WHAT THIS TASK INVOLVES » Nothing in the copy should be a picture; everything else in the listing is to be restated exactly.

DATASET EXTRACT »
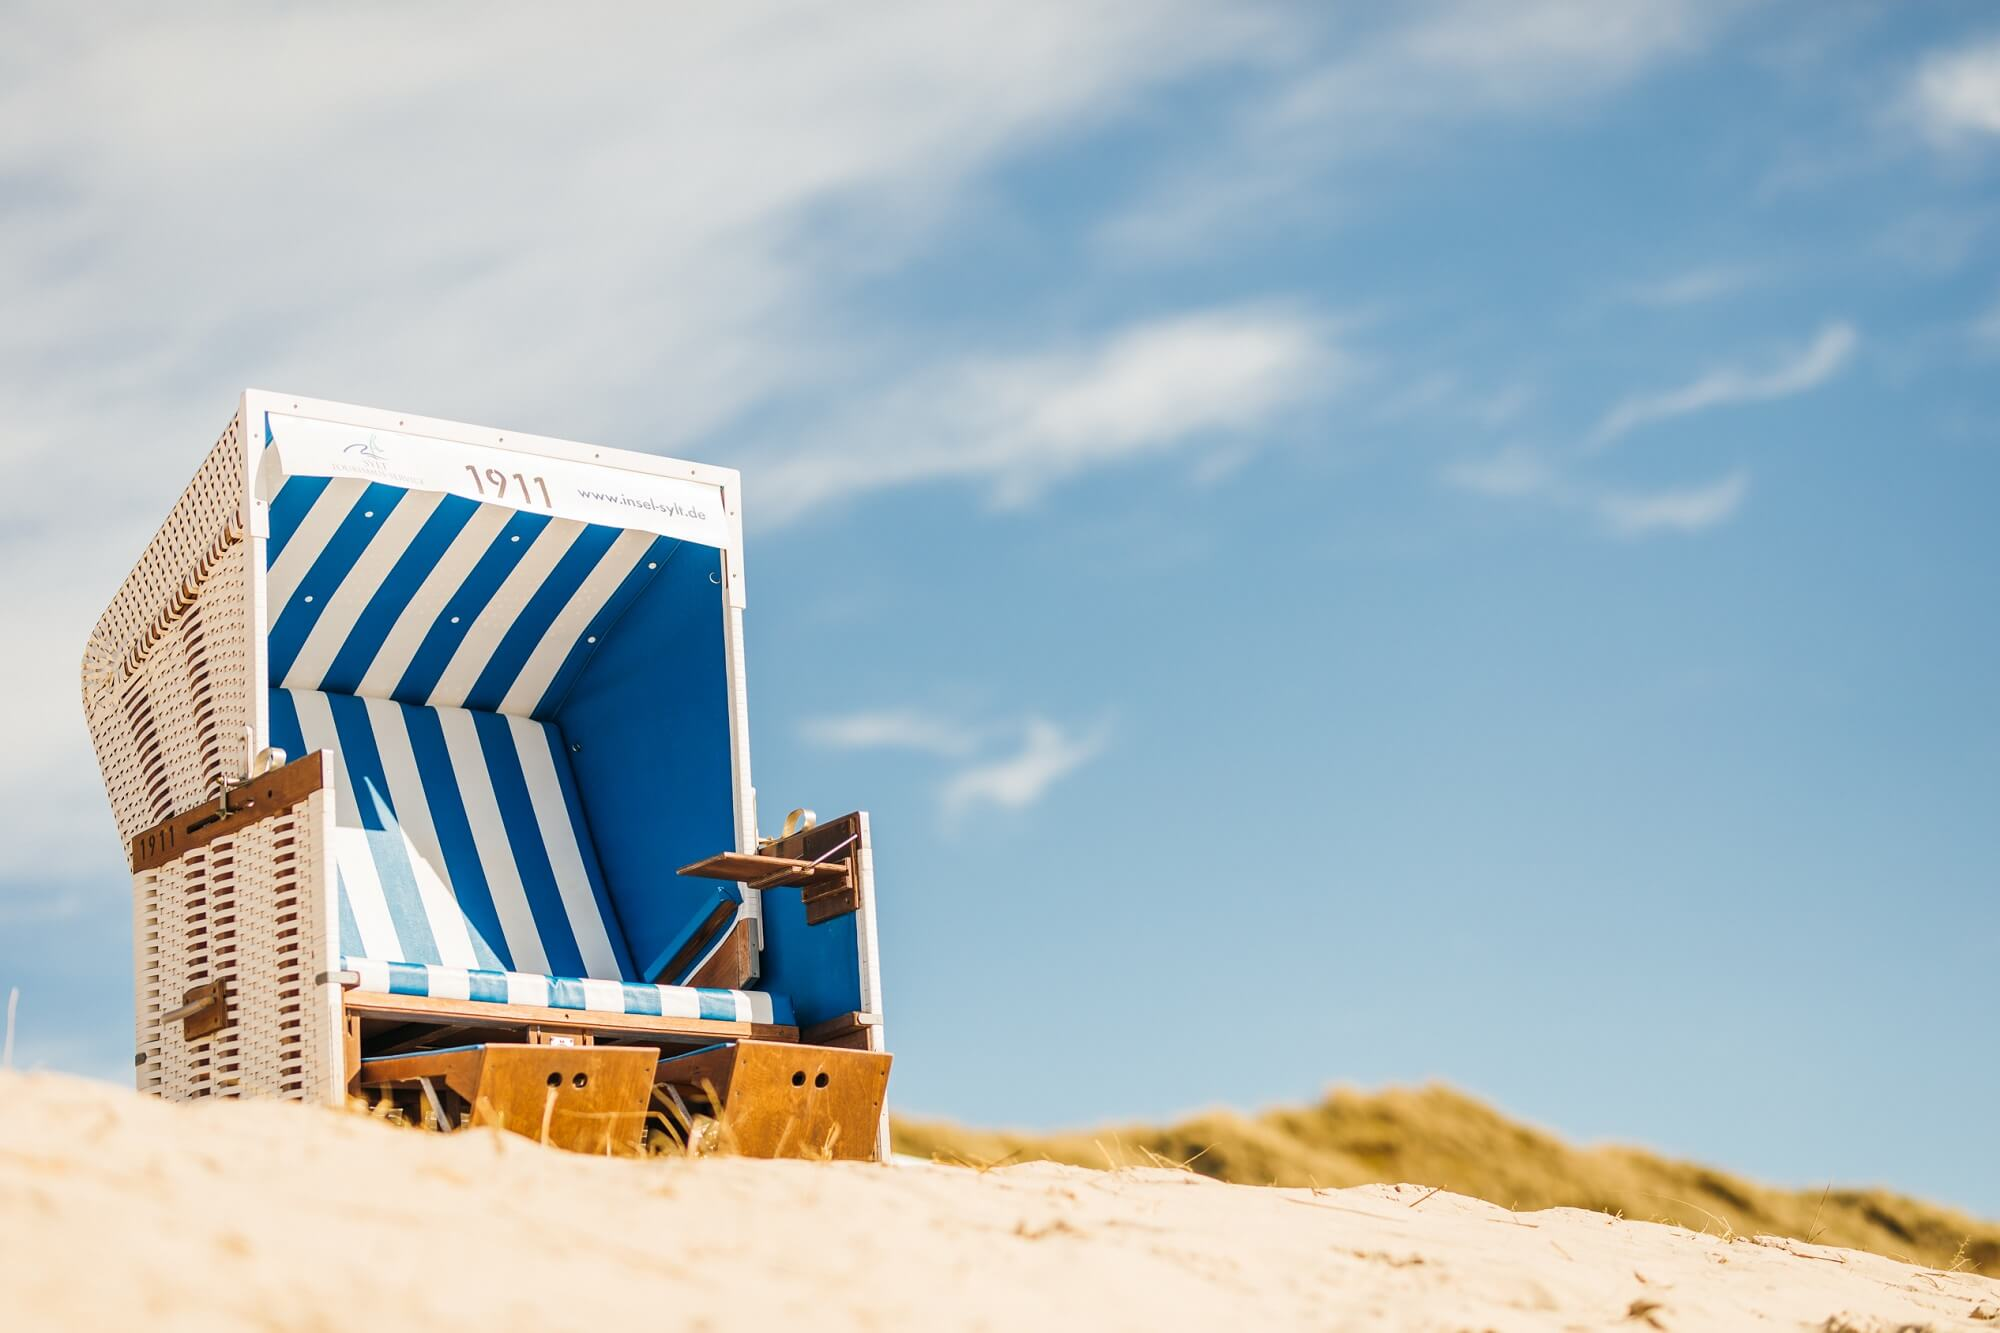 Der entspannendste Platz am Strand
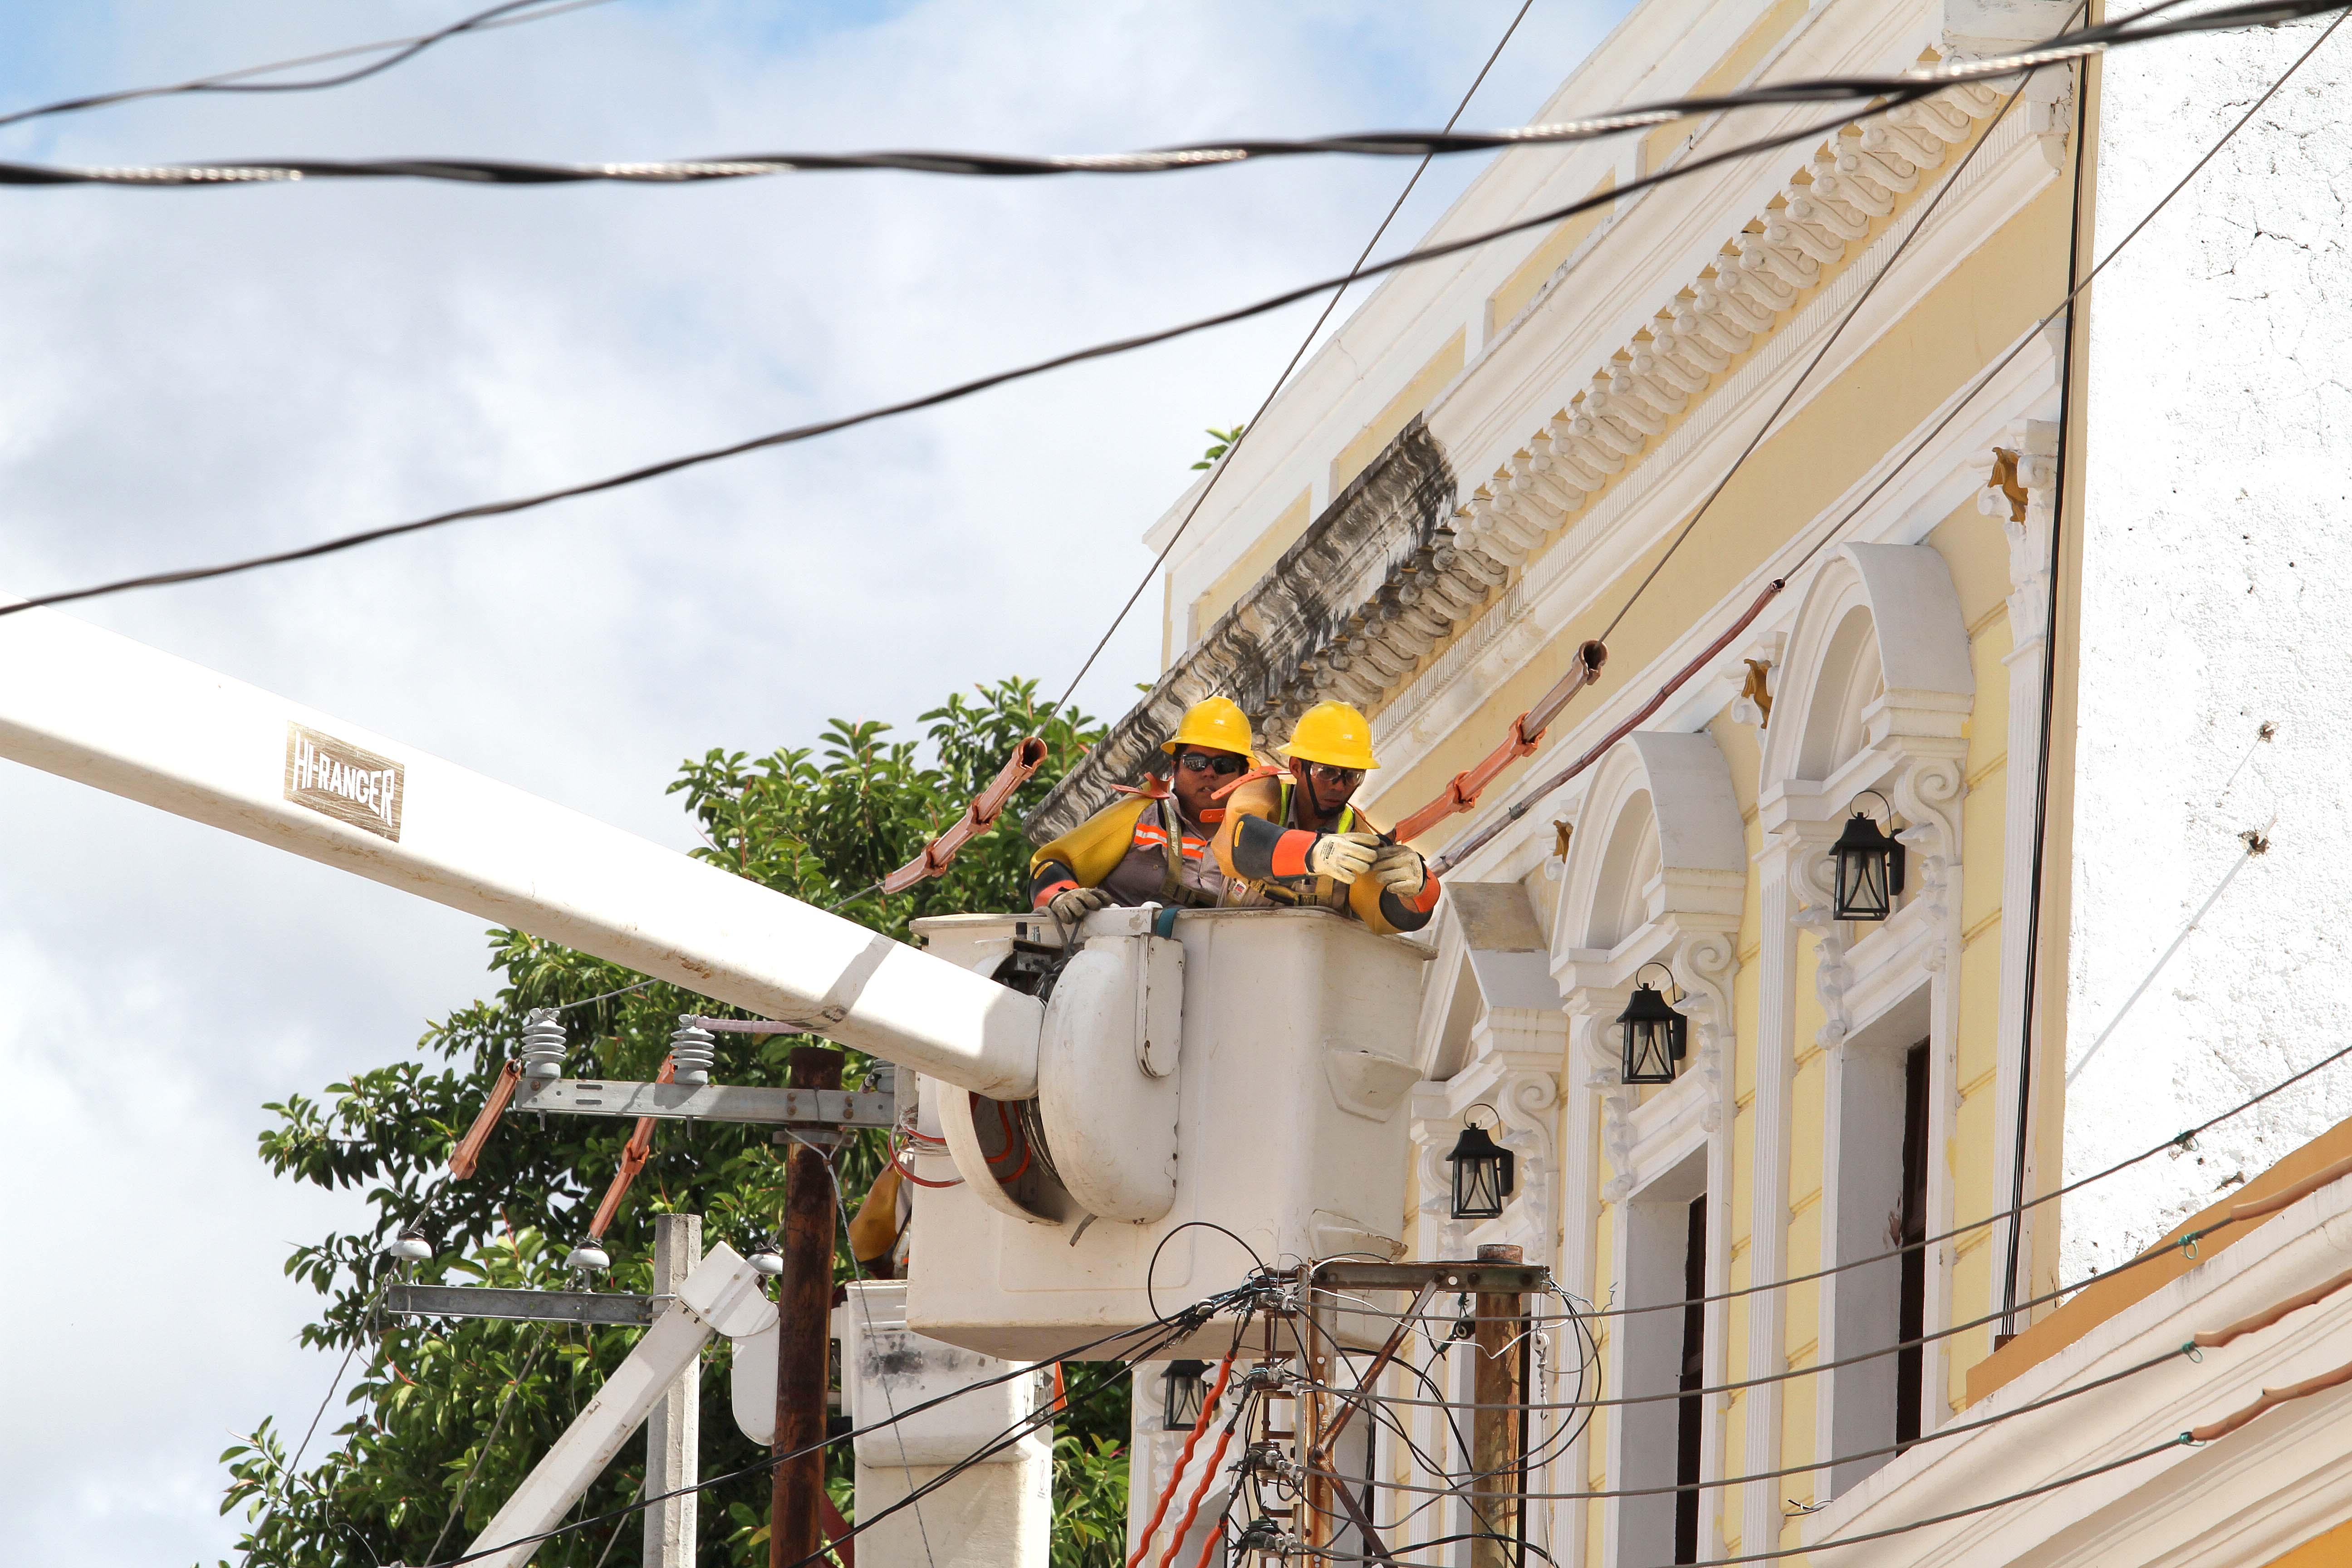 Cfe Sigue Sin Conciliar Con Consumidores Desde El Balcon
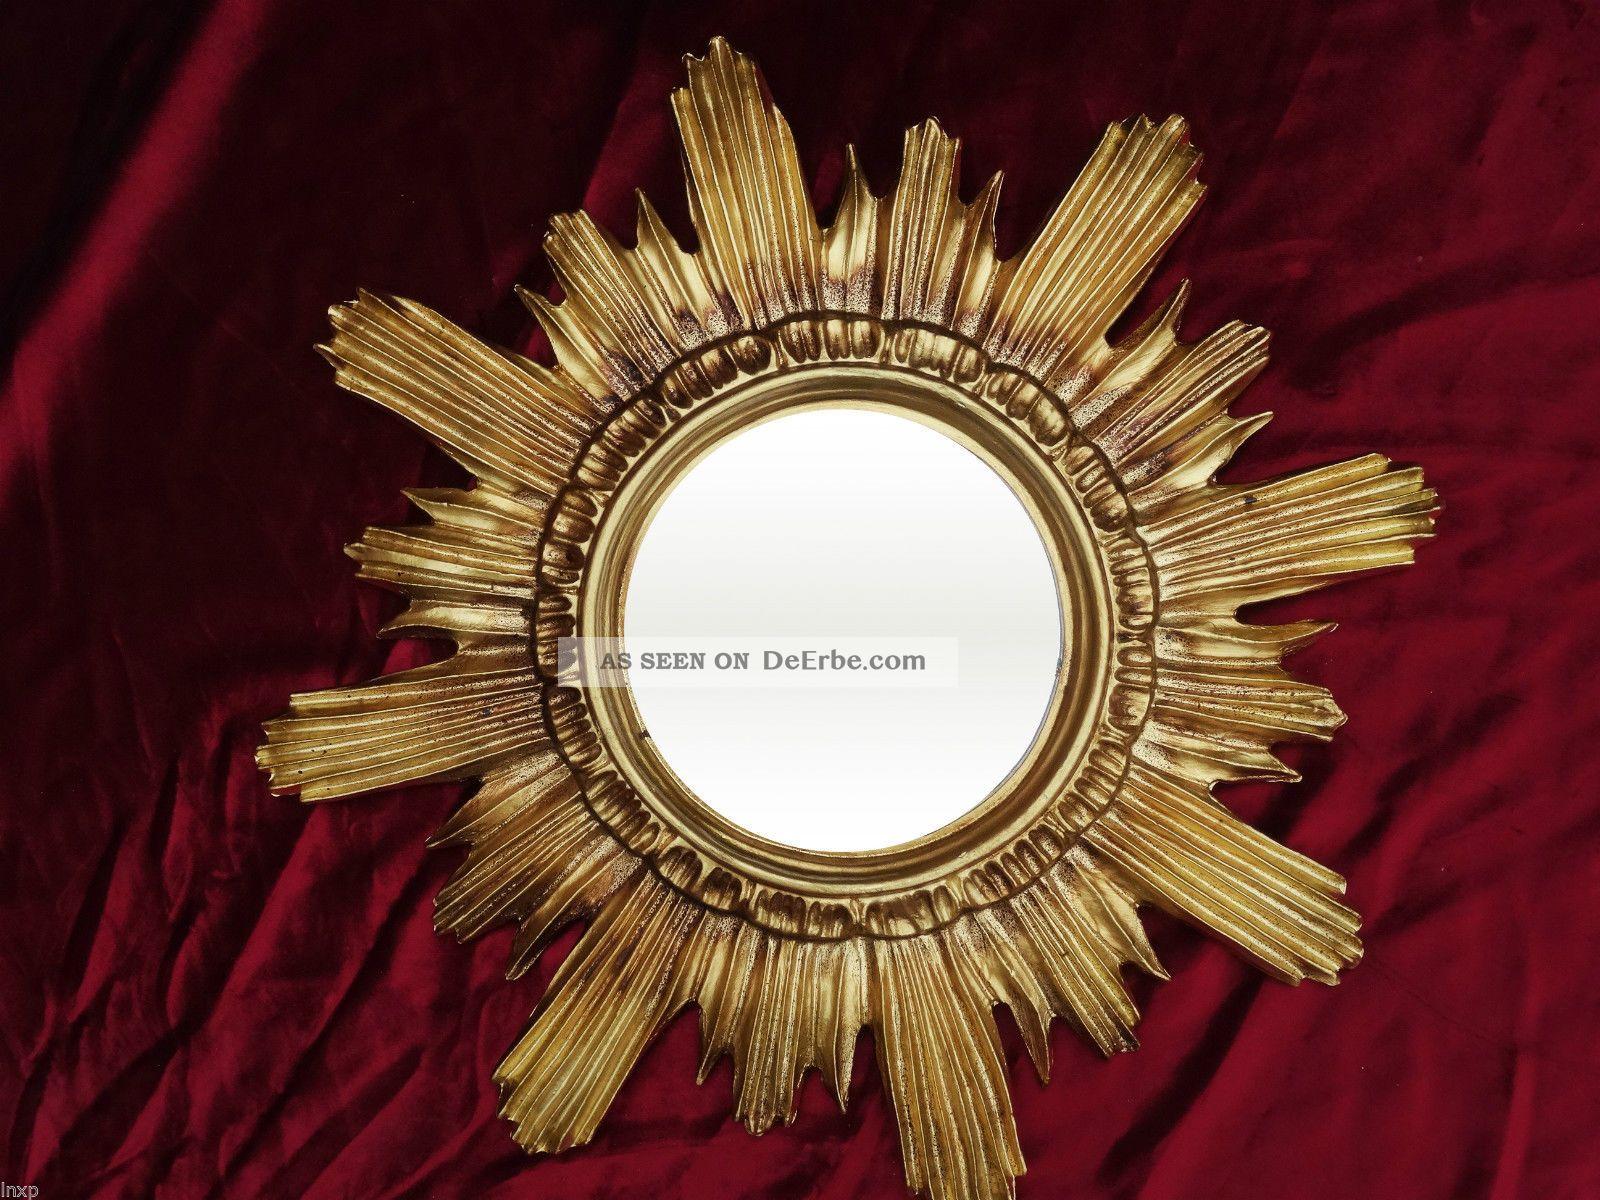 Barock antik wandspiegel sonne in gold 42x42 cm rund runder repro spiegel sun 13 - Runder spiegel gold ...

EXERCISE RESPONSE »
 Der entspannendste Platz am Strand
 Cfe Sigue Sin Conciliar Con Consumidores Desde El Balcon
 Barock antik wandspiegel sonne in gold 42x42 cm rund runder repro spiegel sun 13 - Runder spiegel gold ...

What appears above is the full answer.